迸發的音波凝作實體,如冰泉滴落,將那些顱骨纏緊,不得再動一分。
道明暗叫不好,凝起全身怨氣,身體以肉眼可見的速度老化、腐朽,隻為讓那些落在地上的顱骨掙脫。
女人不動如山,十指在琴弦上遊走。
在殿外老遠圍觀的眾人面面相覷。
——這曲子從未聽過,大抵是來自仙界。
最後一音,那仙人抬眸,似在輕歎,憐惜,近乎神明。
“破。”
剛剛要掙脫的顱骨再度齊齊止住,撕裂,破碎,發出淒厲而尖銳的哀叫,最後無影無蹤。
已然不似人形的道明猛然跌坐在地,嘶啞的聲音喃喃自語,“怎麽會……”
景舒禾一步步朝他走來,長劍輕鳴,抵入心臟。
“果真愚蠢,噬血紅蓮乃天生邪物,至邪之物,生長於天地之間,你以為乃是你一介凡人可煉製而成?”
“你為了一己私欲,害無數可憐人家的孩子喪命。”
“此番去往幽冥,好好嘗嘗煉獄之苦吧。”
*
永昌元年,六皇子蕭錦珩繼位,大赦天下,推行改革祖製,女子可入仕、念學、和離,倡導男女同等,舉國同慶。
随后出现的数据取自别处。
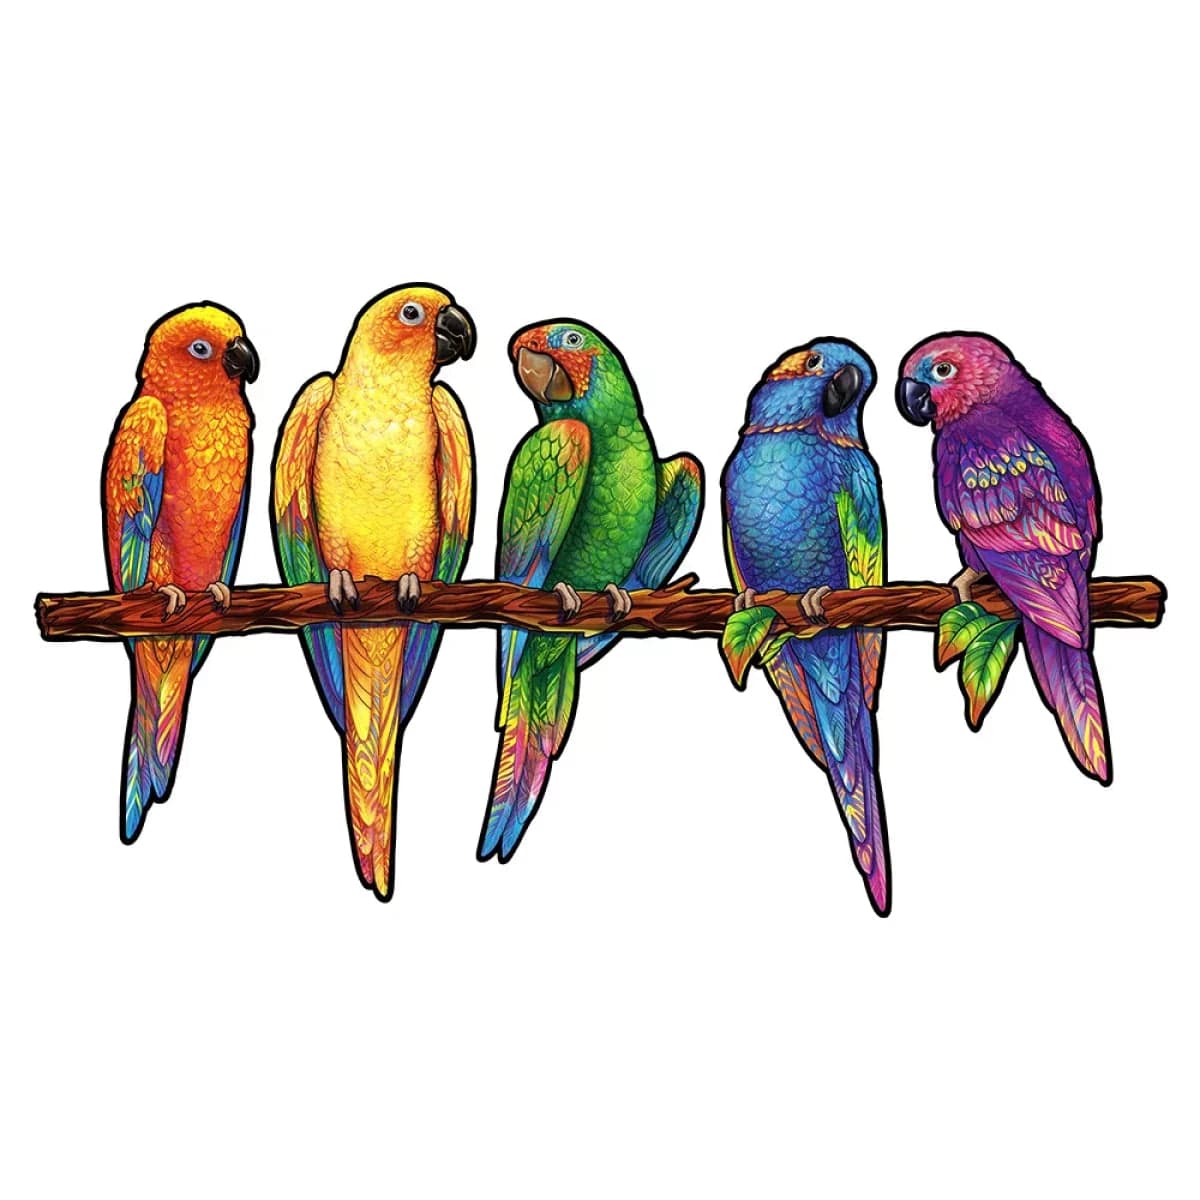 Playful Parrots Wooden Puzzle - King Size
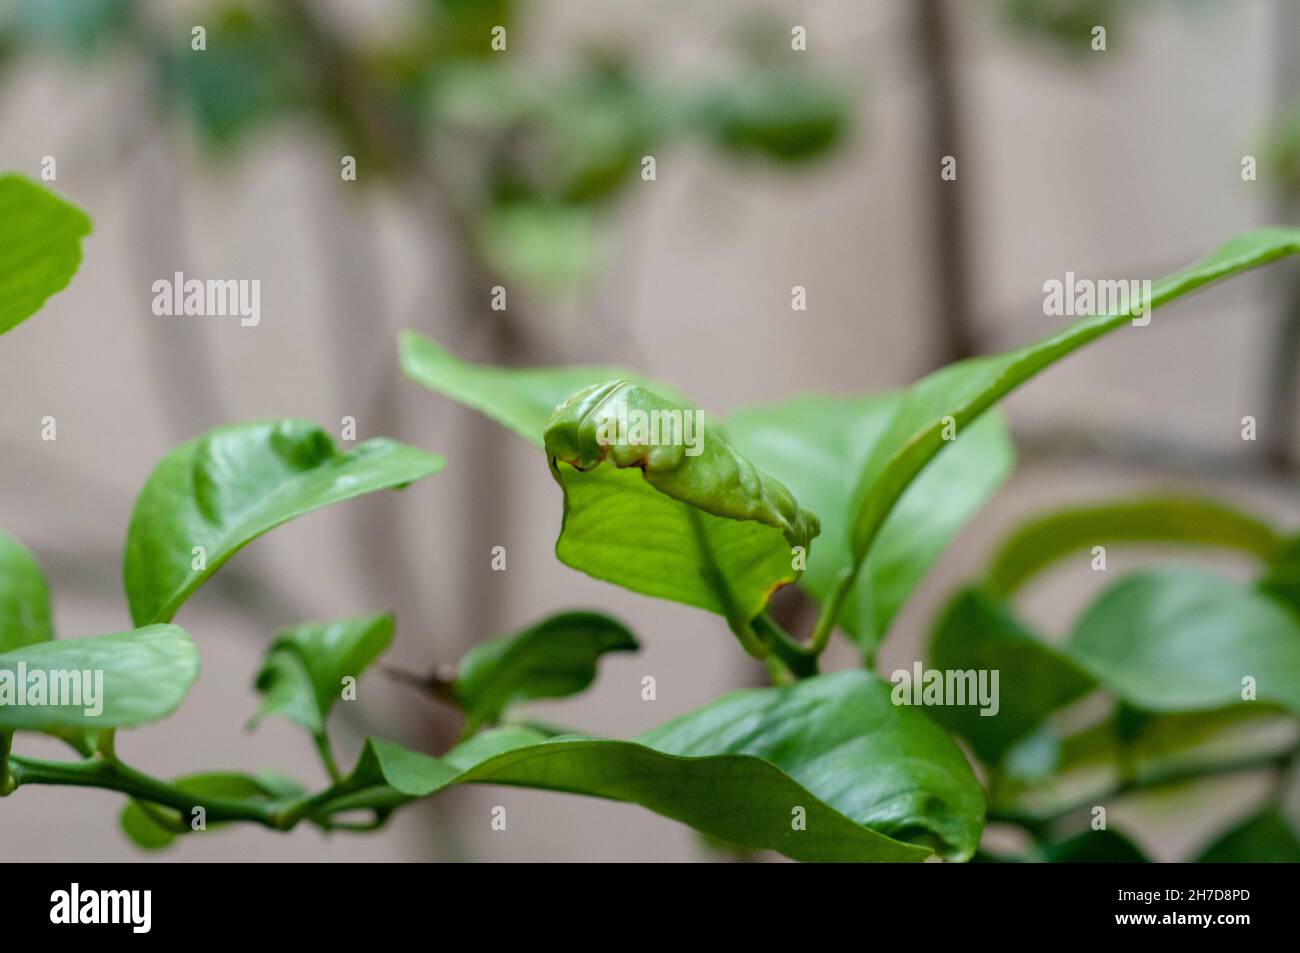 Lemon tree leaves distorted by calcium deficiency Stock Photo

蕭錦珩牽著裴昭的手,在宮門送別來自仙界的幾位,向景舒禾詢問是否可以借一步說話。
等離遠了些,景舒禾輕笑,“陛下早就知道那道明野心不小。”
借她之手除掉道明,不費一兵一卒就能扳倒蕭錦徹。
蕭錦珩拱手,“仙師見諒,生於皇室,用刀之時,我不介意那刀的好壞。”
道明隻為有人繼位後給他繼續煉骨的機會,太子心思狠辣,隻為利用他除去先皇,再立個除妖僧護國運的好印象,道明一早便反水了。
當然,她留有後手,若是景舒禾不曾出現,她會動用禁軍。
只是死傷多一些。
“自然。”若蕭錦珩是個沒腦子的,她不會一開始就選擇燕王府。
待兩人過來,裴昭面色猶豫,小聲問道,“仙師,楚清姐她……”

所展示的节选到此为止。